The Labour Party's crushing defeat at the hands of turned-off voters will bring the left-wing party a new leader ending Jeremy Corbyn's unsuccessful reign and give it an urgent task: To recover the allegiance of its core working class voters.
Traditional Labour voters in the north and central parts of England deserted the party in droves, allowing Prime Minister Boris Johnson's Conservatives for decades seen by Labour backers as the anti-union party of the London elite to make unprecedented gains.
Johnson's clarion call to get Brexit done proved more appealing than Corbyn's two-pronged approach, which raised the prospect of yet more delay in the already slow Brexit process.
It will fall to a new leader to come up with a strategy that might bring the party back to power, or at least restore it as a credible opposition force. Corbyn said Friday he will not lead Labour into another general election, but resisted calls to step down immediately.
He later said an internal election to choose a new party leader to replace him will take place early next year and that he will step down then.
Corbyn's party did relatively well in the 2017 vote, depriving Theresa May of a majority in Parliament, but imploded in Thursday's election. Corbyn was bedeviled by concerns about his fuzzy Brexit policy, the cost of the party's ambitious social plans, and worries about perceived tolerance of anti-Semitism in his inner circle.
As bitter recriminations began about the failed campaign, former Labour Party Home Secretary Alan Johnson called Corbyn a disaster on the doorstep. Everyone knew that he couldn't lead the working class out of a paper bag."
The results also showed that the ever-cheerful Johnson fond of saying Britain is the greatest country in the world connected more easily with voters than the often-dour Corbyn, whose claims that Labour would address rising inequality did not gain traction.

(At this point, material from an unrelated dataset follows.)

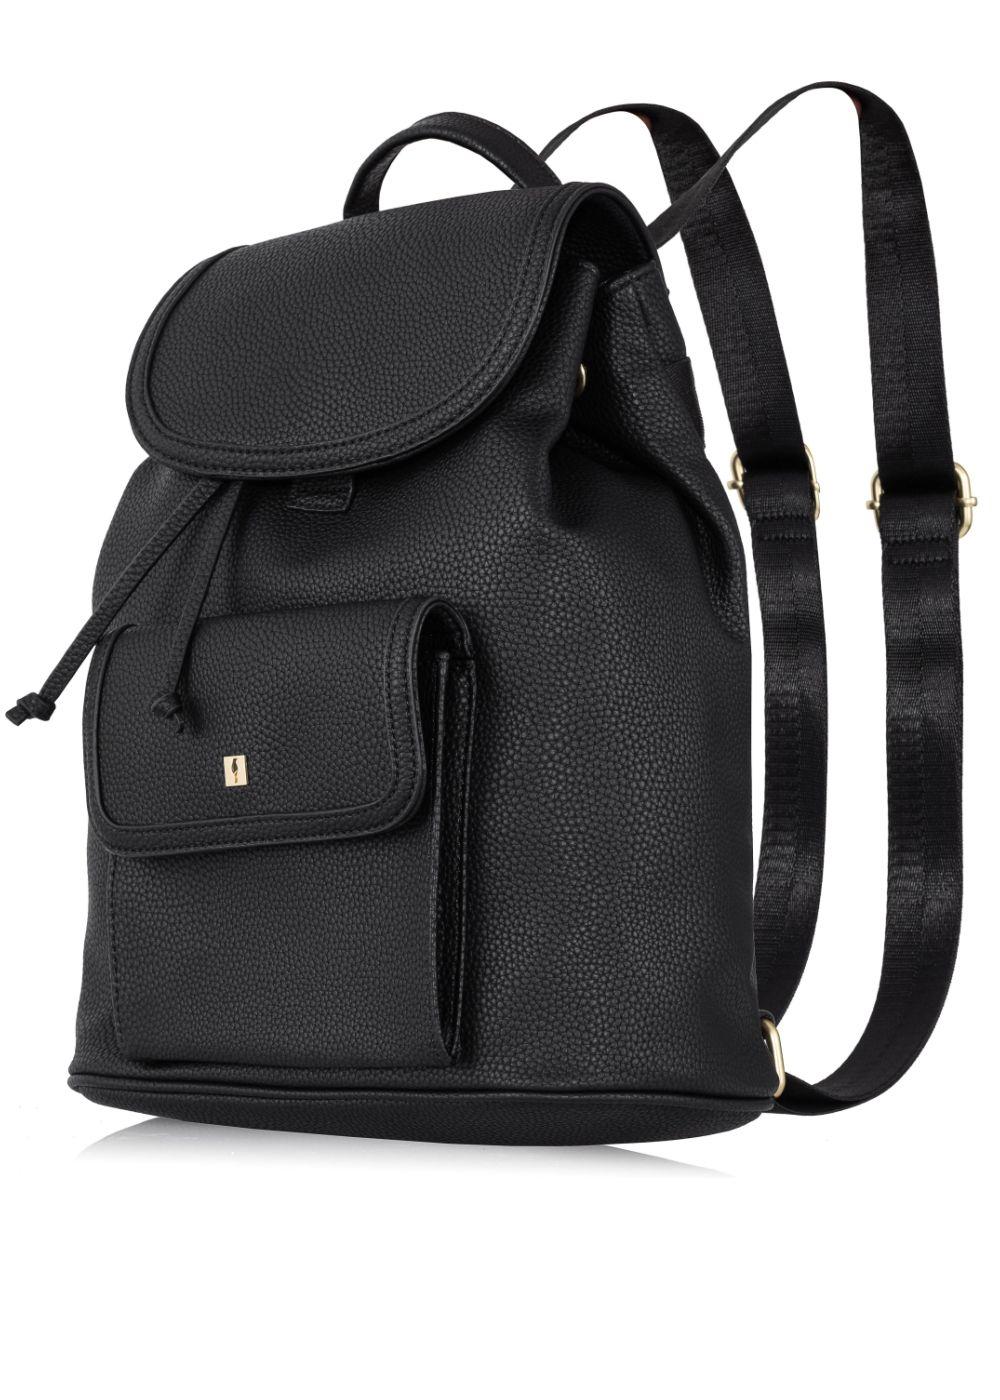 Plecak damski TOREC-0435-99(W21)

Ian Murray, a Labour legislator who won re-election in Scotland, said the party's existence will be threatened if it doesn't learn from the across-the-board defeats. This party must listen, this party must respond, or this party will die, he warned. He said the party needs not just to replace Corbyn but also to change the world view he brought to the leadership.
For the sake of the Labour movement, for the sake of the Labour Party, but more importantly for the sake of the country, not only does the person have to go but the policy and the ideology has to go as well, he said.

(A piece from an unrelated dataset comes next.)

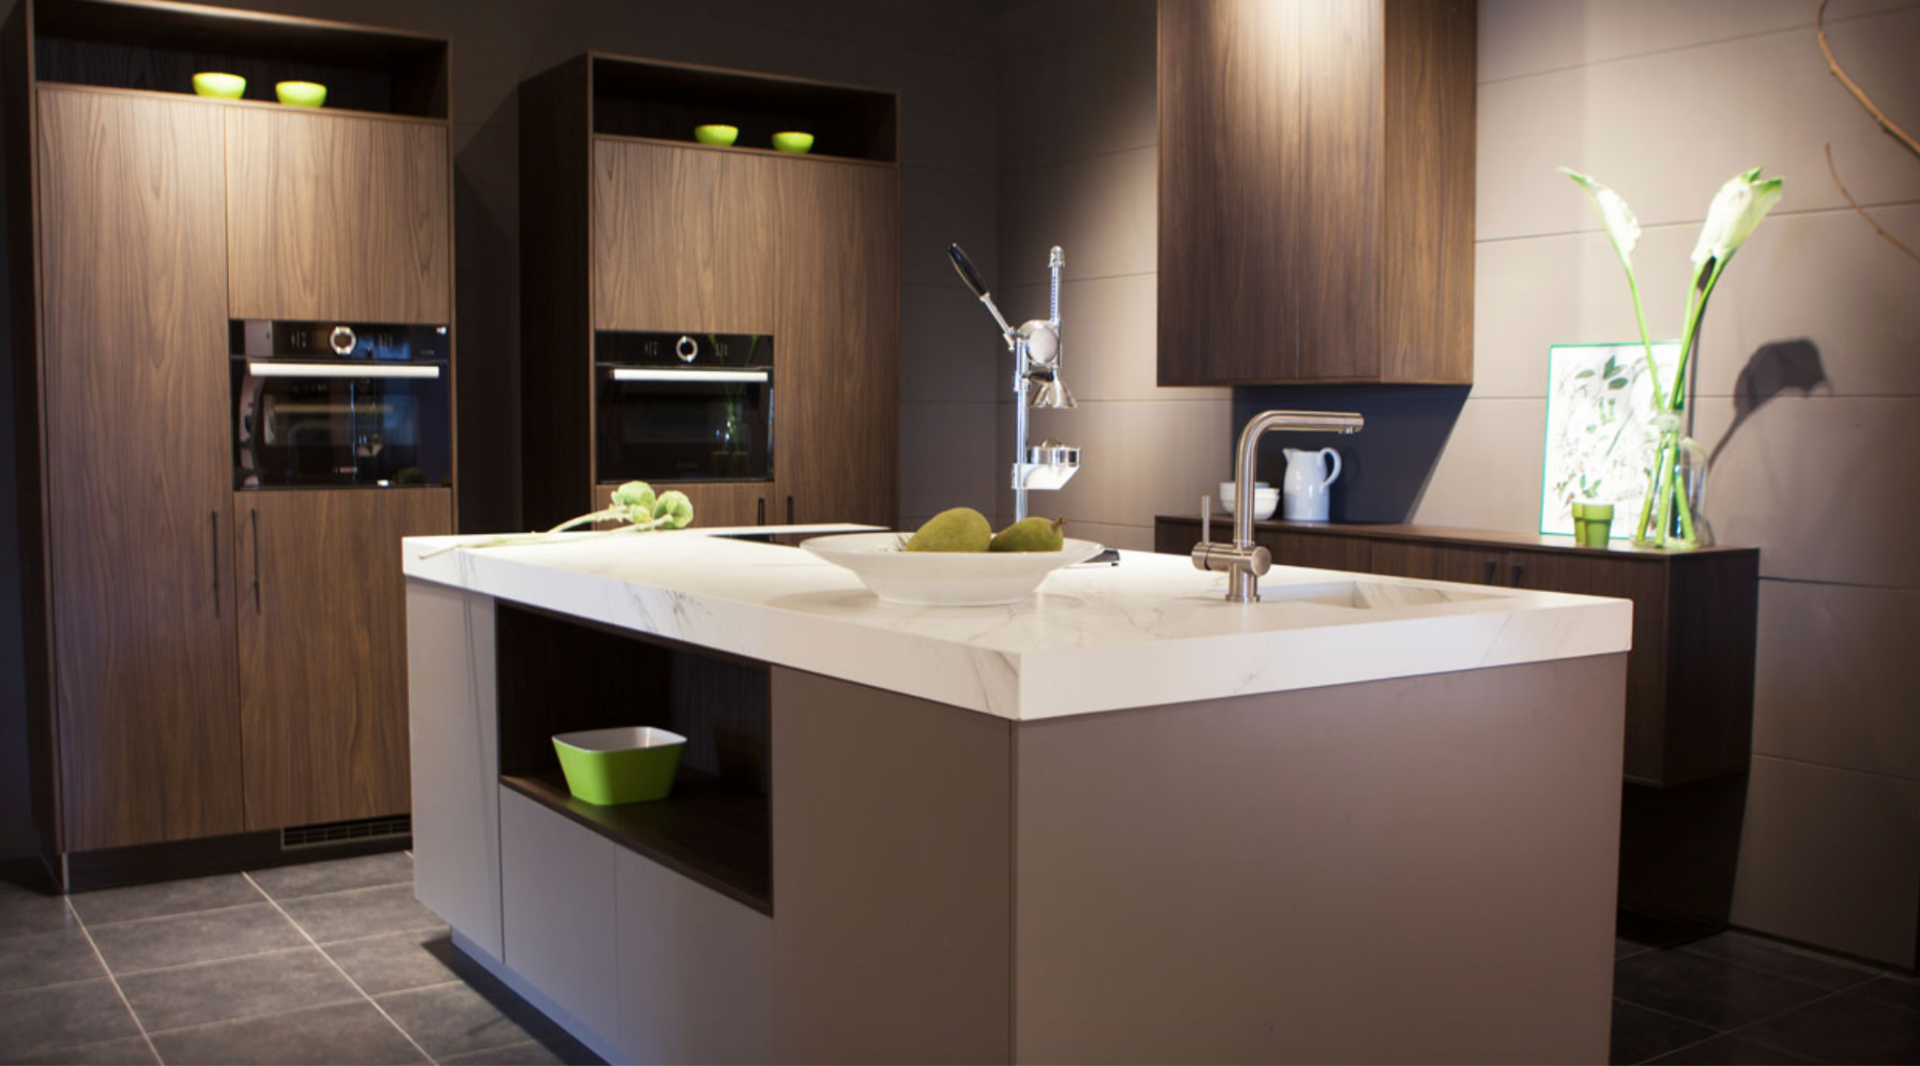 Multi Keukens Maassluis : Keukenstudio maassluis ervaringen keukenstudio maassluis

Corbyn early Friday indicated his desire to preside over a period of reflection in which the party would regroup, a strategy that seems designed to make sure that Corbynism his embrace of European-style socialism with an expanded role for the state does not end once he is replaced.
He may face stiff opposition, however, from Labour figures who want the party to move back to the political center, as defined by more successful figures including Tony Blair, Gordon Brown and even Ed Miliband, who was beaten by the Conservatives in 2015 but did not suffer a drubbing of this magnitude.